══ Given information ══

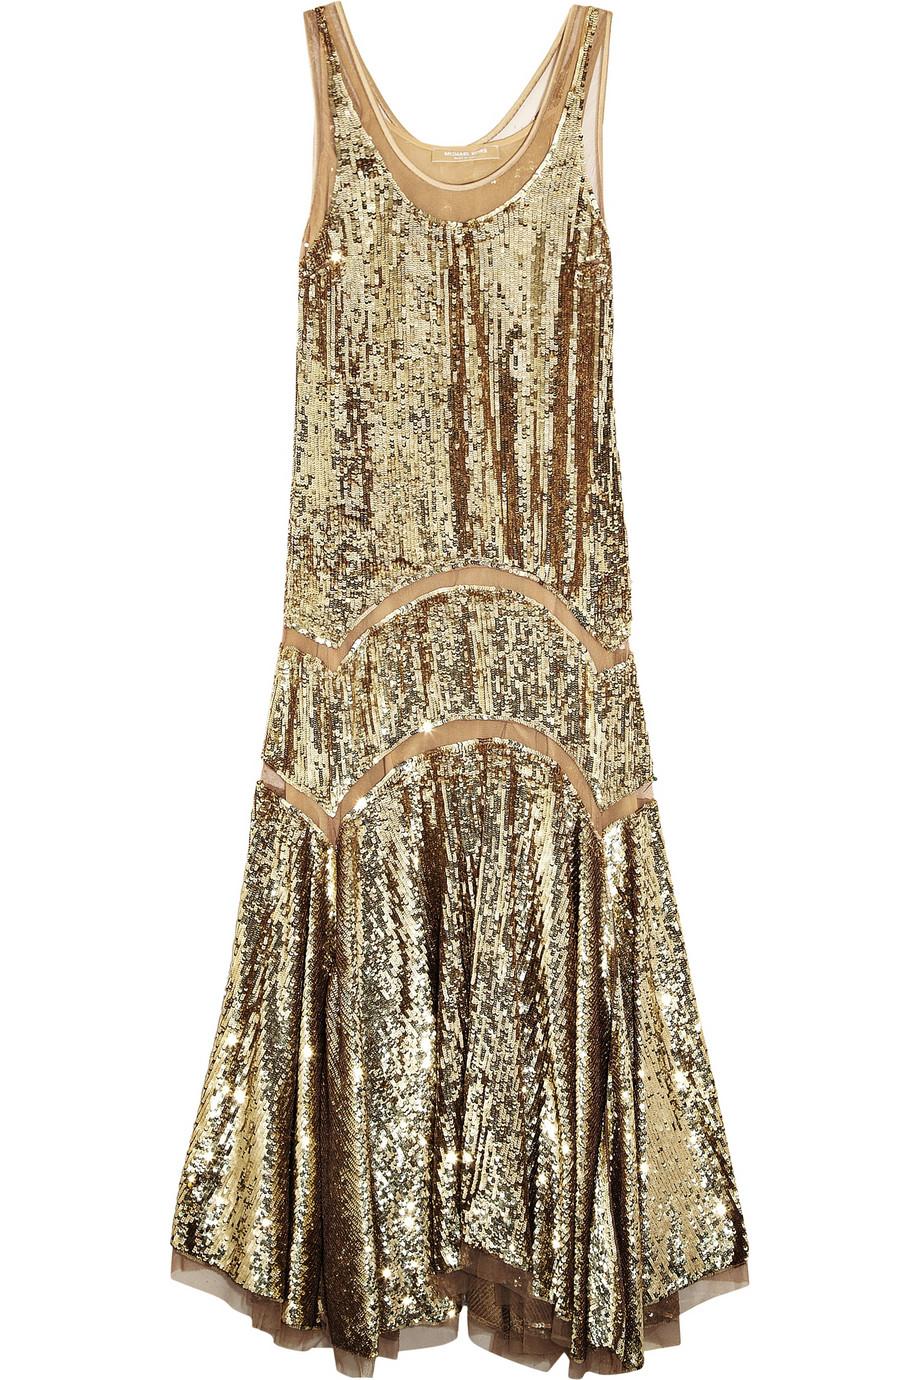 MICHAEL MICHAEL KORS Sequined midi dress
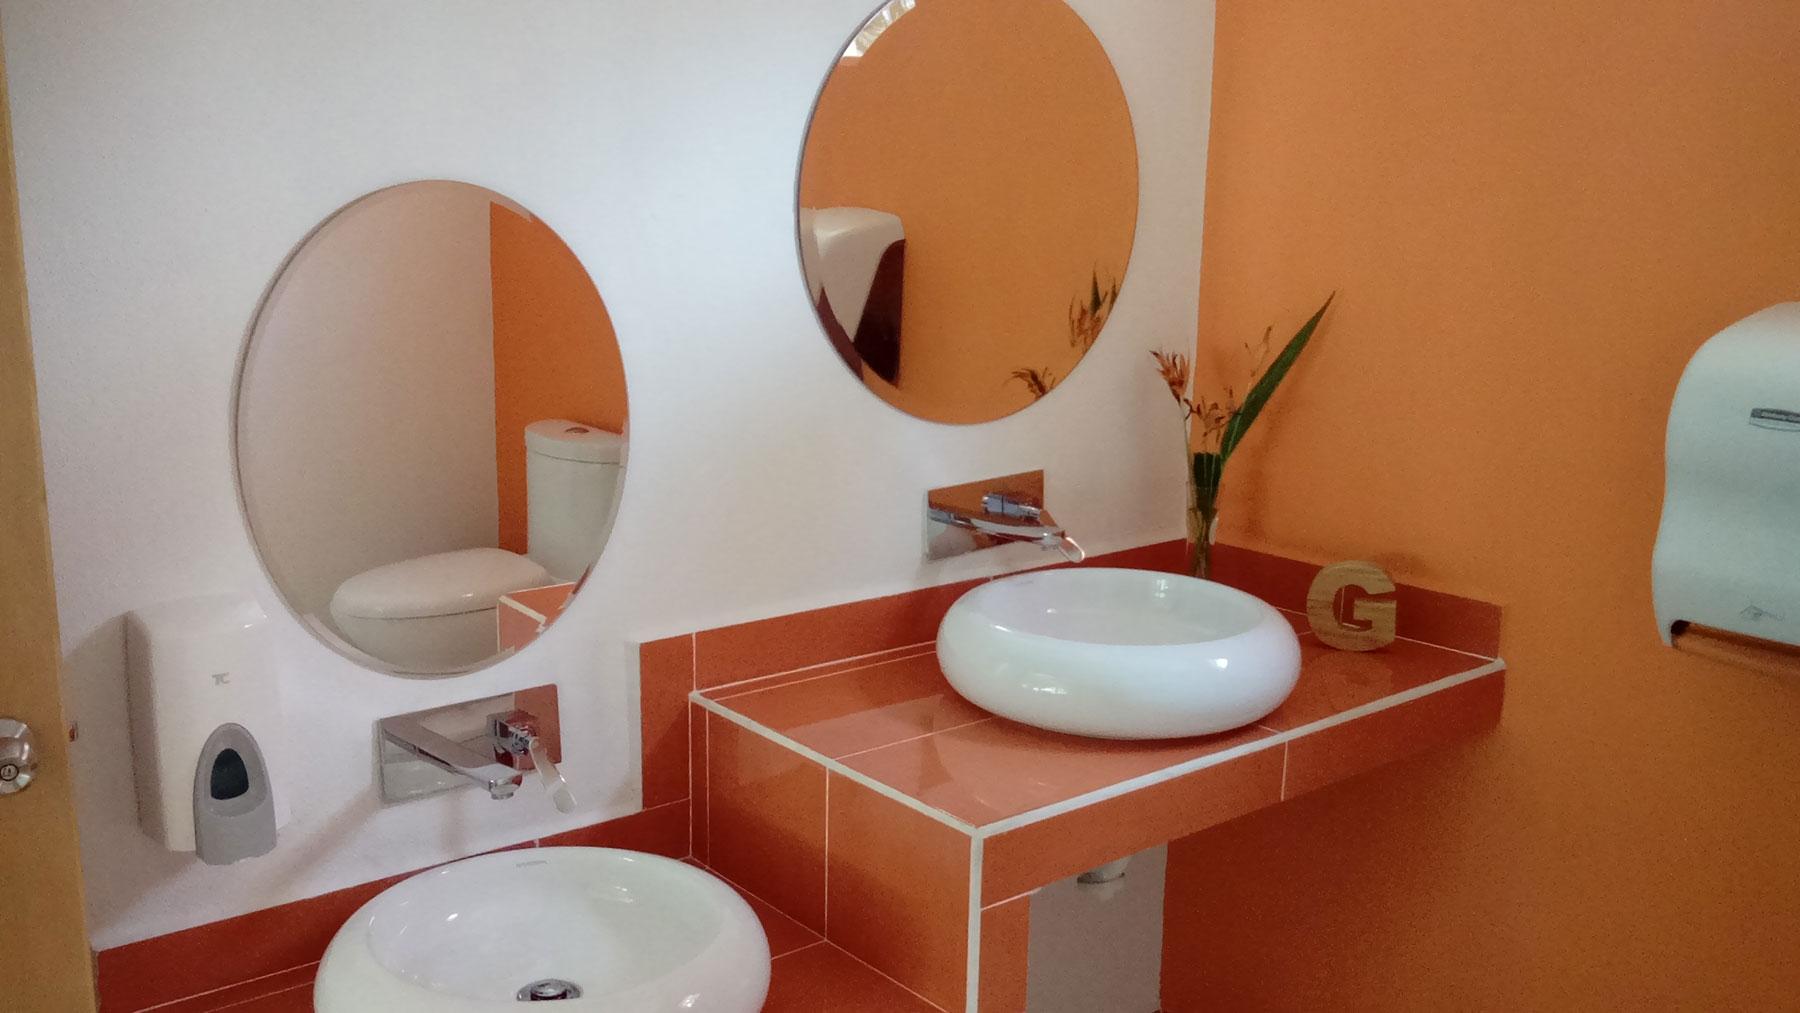 Proyectos SPAD Constructora, Westin Family Kids Club, Baño naranja lavamanos, Diseño de Interiores, Arquitectura, Puerto Vallarta, Jalisco, México
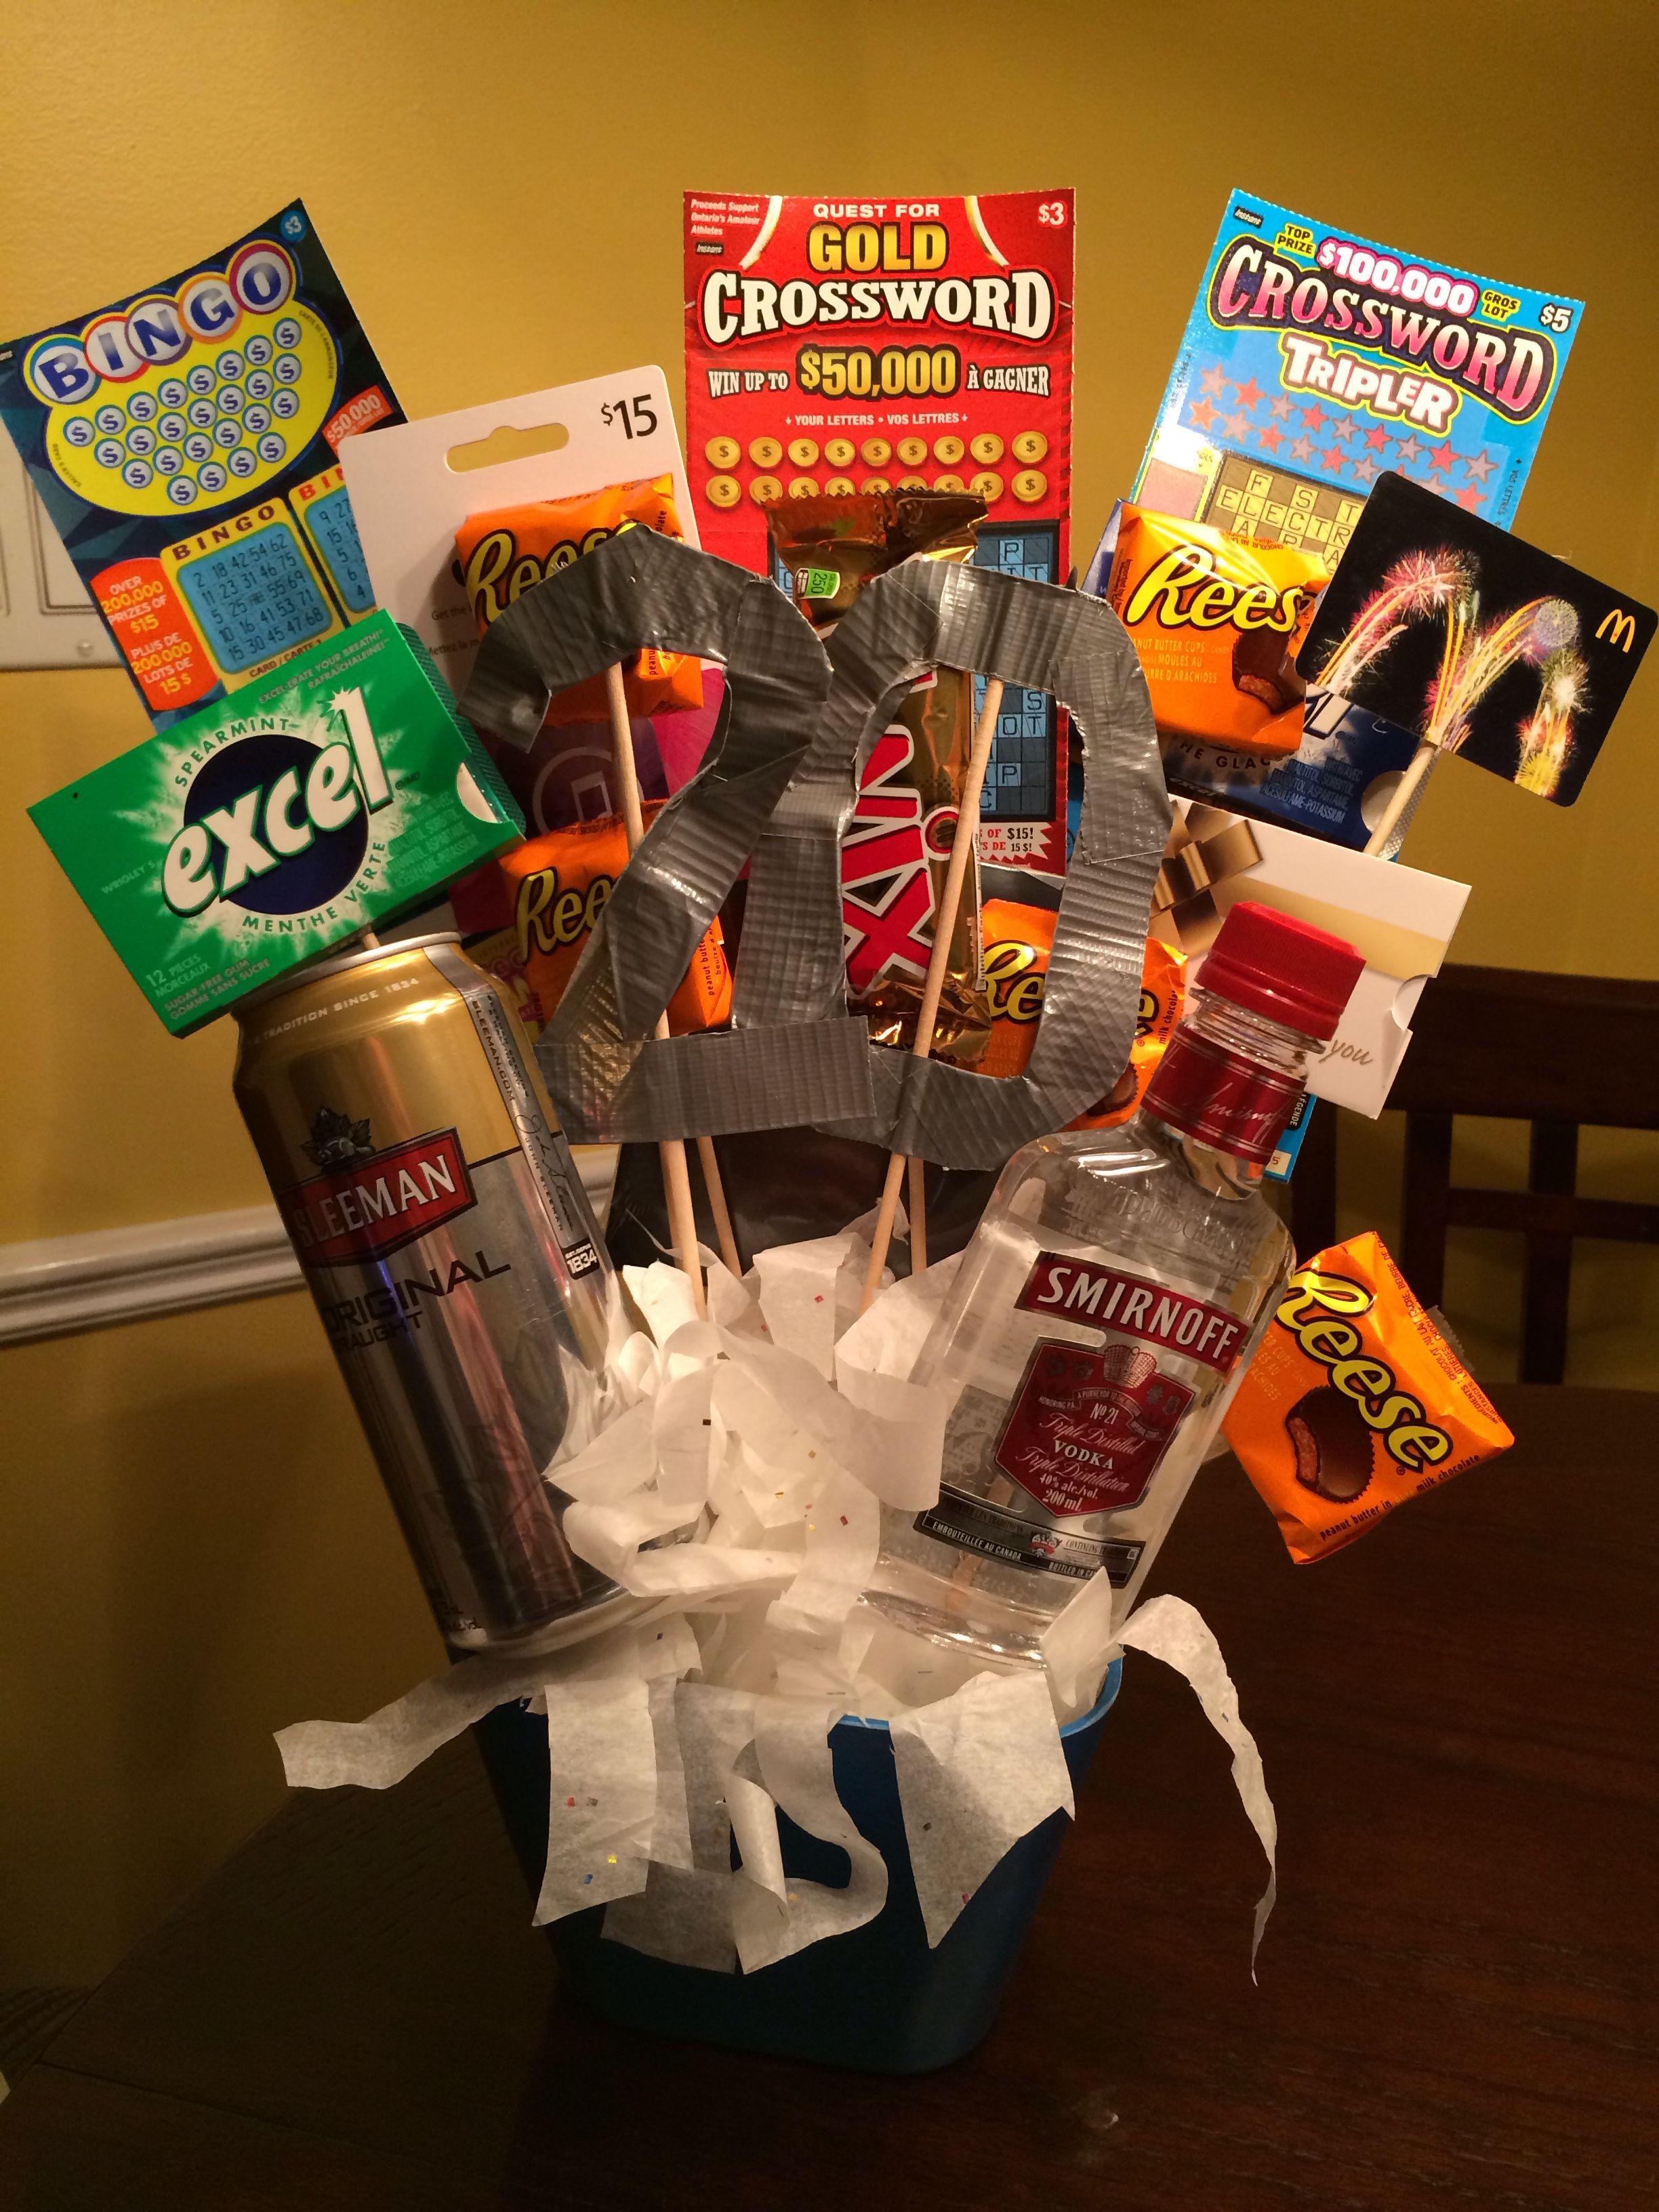 Gift ideas for boyfriend gift ideas for 20th birthday for for Presents for boyfriends birthday

═══

=== Work request ===
Exactly as written, return each line above and leave the pictures behind.

=== Response to the exercise ===
 MICHAEL MICHAEL KORS Sequined midi dress
 Proyectos SPAD Constructora, Westin Family Kids Club, Baño naranja lavamanos, Diseño de Interiores, Arquitectura, Puerto Vallarta, Jalisco, México
 Gift ideas for boyfriend gift ideas for 20th birthday for for Presents for boyfriends birthday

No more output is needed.